Bromine occurs as a dense red and volatile liquid with a choking, irritating smell.

Physical Properties

Density (g/cm3): 3.2

Melting point (oC): -7

Boiling point (oC): 59

Solubility in water: It dissolves slightly to form oxobromate(I), HOBr acid and HBr 

Chemical Properties

Electronegativity and reactivity in comparison with other halides: It shows lower electronegativity and reactivity in comparison with chlorine, but higher when compared with iodine.

Bromine can be made to react directly with hydrogen only by heating or in the presence of a catalyst such as platinum.

It reacts moderately with metals and non metals.

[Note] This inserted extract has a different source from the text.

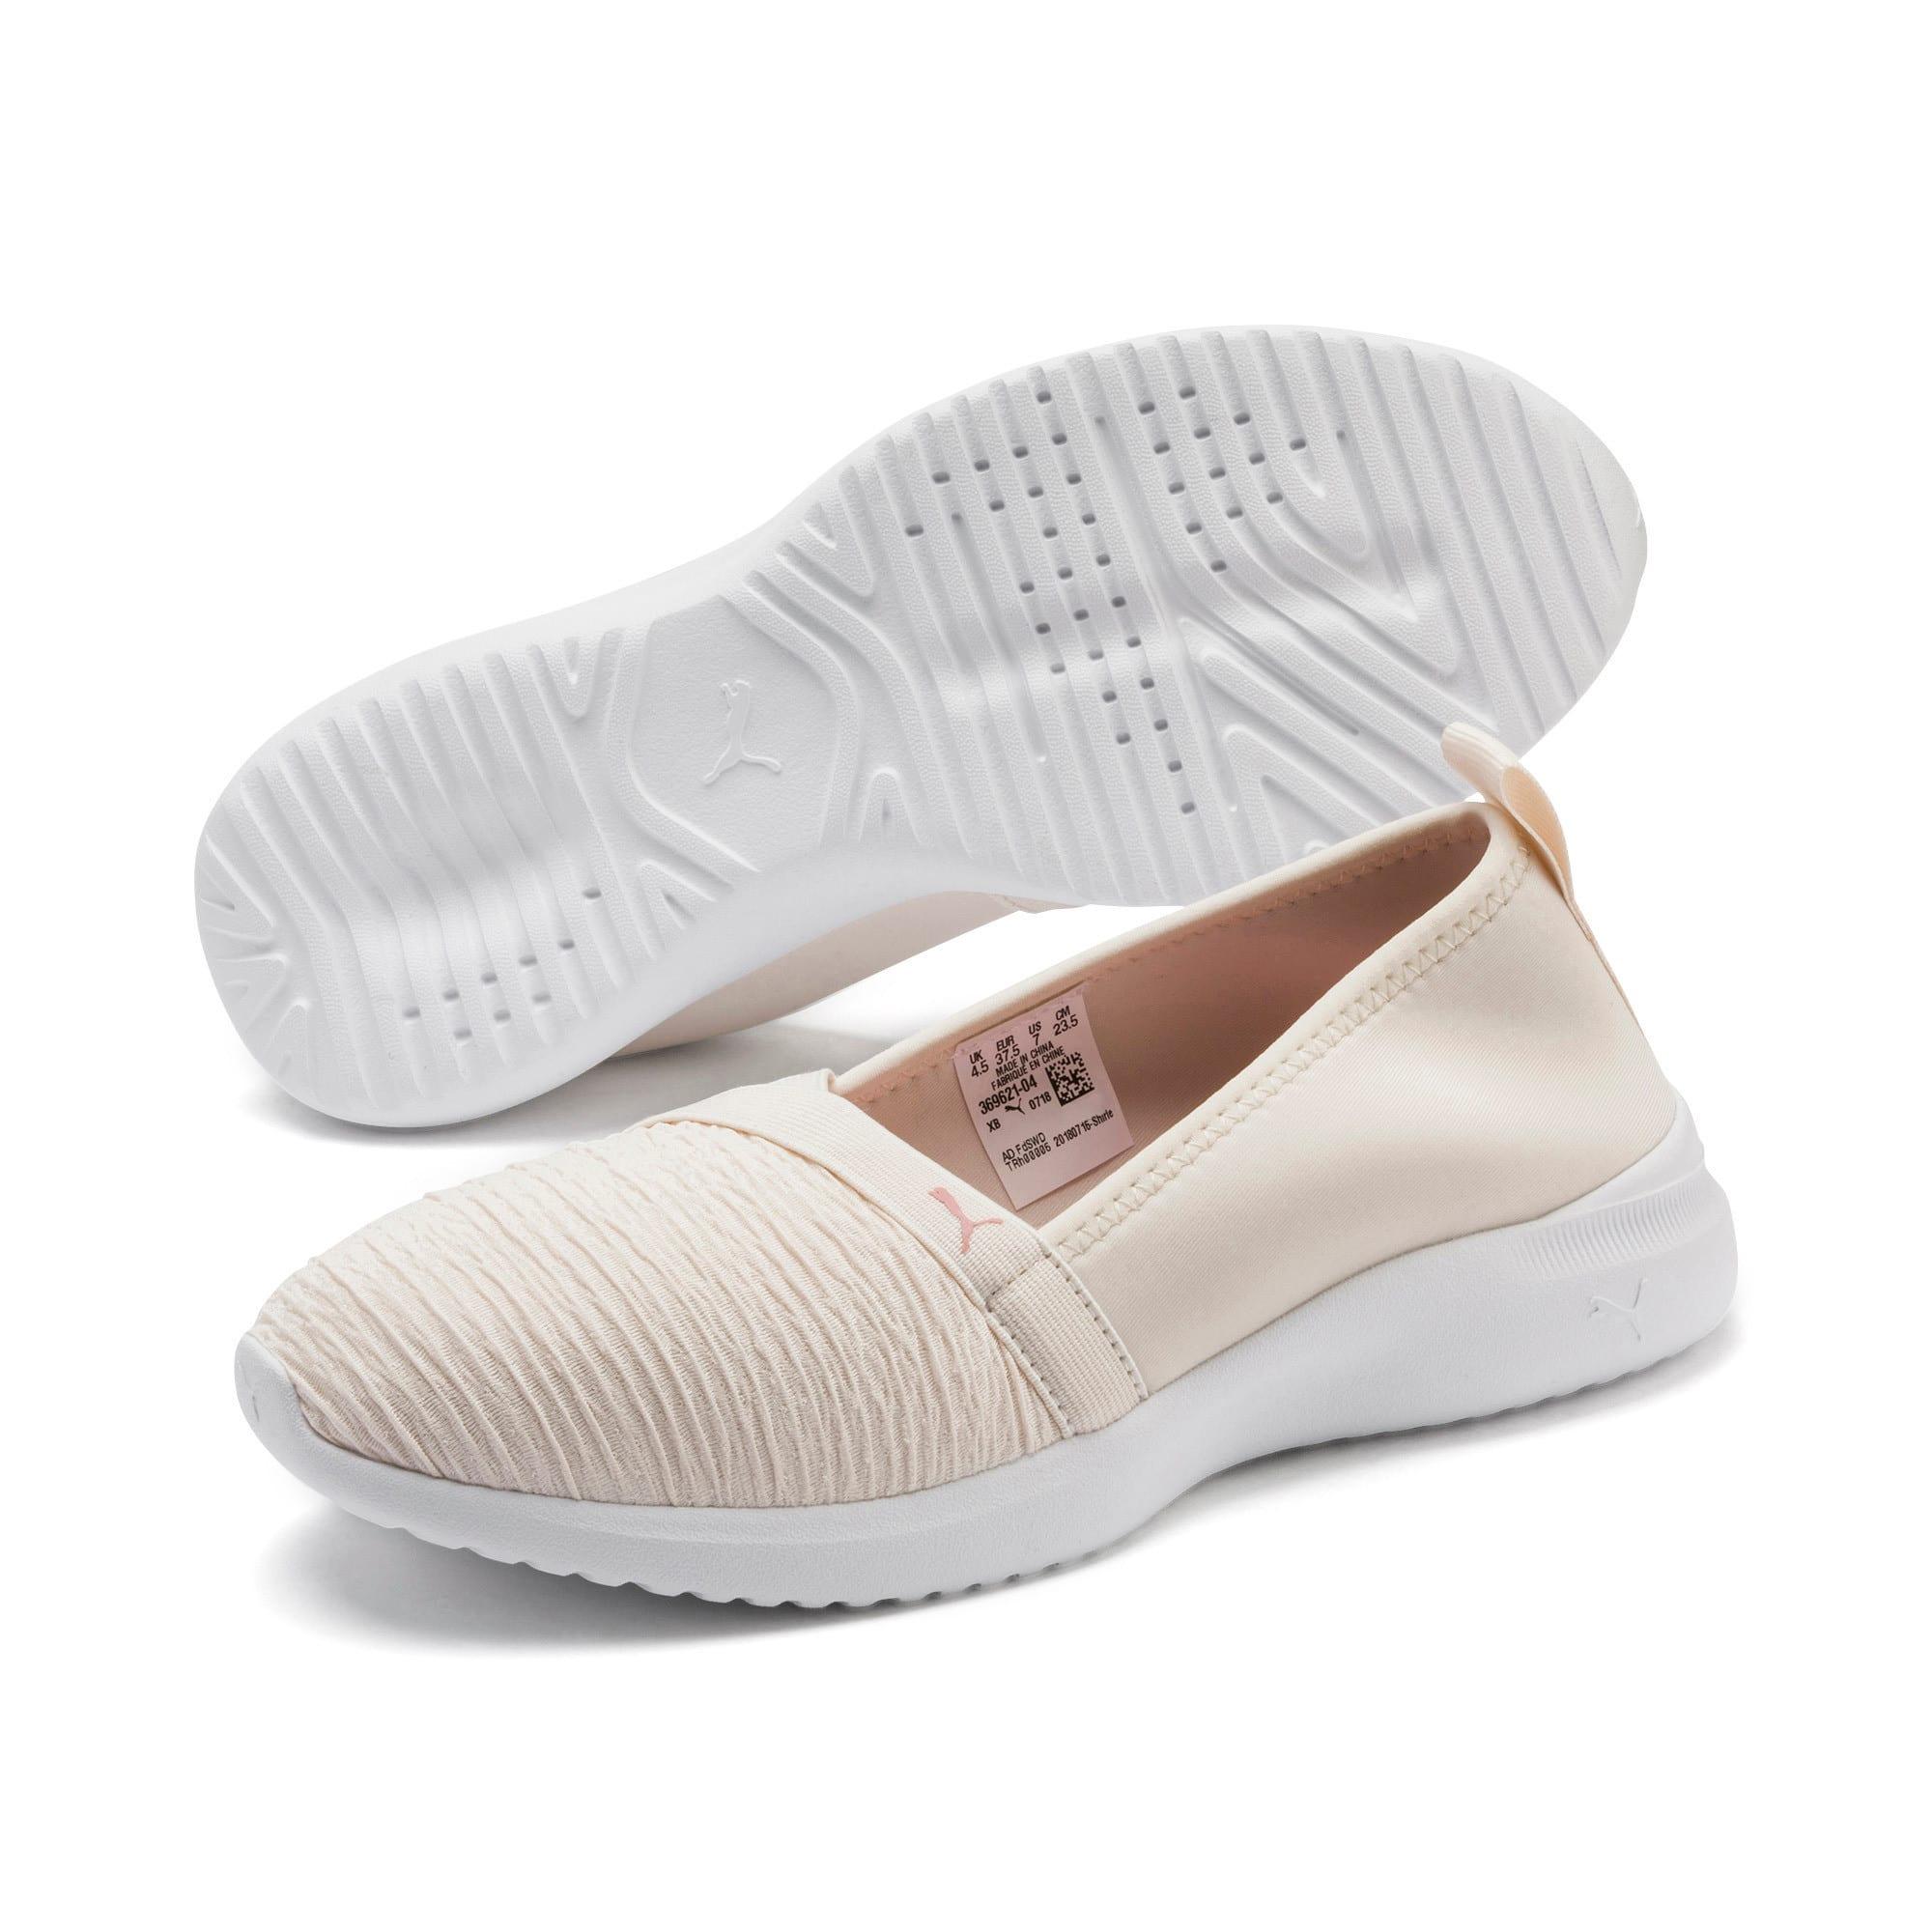 Thumbnail 3 of Adelina Women's Ballet Shoes, Pastel Parchment-B Rose-Wht, medium

It shows weak bleaching action.

Its oxidizing action is moderate.

Bromine reacts with dilute alkalis to form bromate(I) and bromides, while with concentrated alkalis, it forms bromate(V) and bromides.

Bromine always displaces iodine from iodides.

Compounds of Bromine

Silver Bromide: Silver bromide is a pale-yellow solid, which is insoluble in water and in dilute HNO3. It is sparingly soluble in ammonia solution. In the presence of light, it is reduced to silver.

Hydrogen Bromide: This is a colourless gas, which is soluble in water to form an acidic, constant boiling mixture. The gas is denser than air.

Oxides of Bromine: No stable oxide of bromine is formed.

Compounds of bromine show the most photoelectric activity compared to compounds of chlorine and iodine. They also show higher thermal stability than compounds of iodine but less than those of chlorine.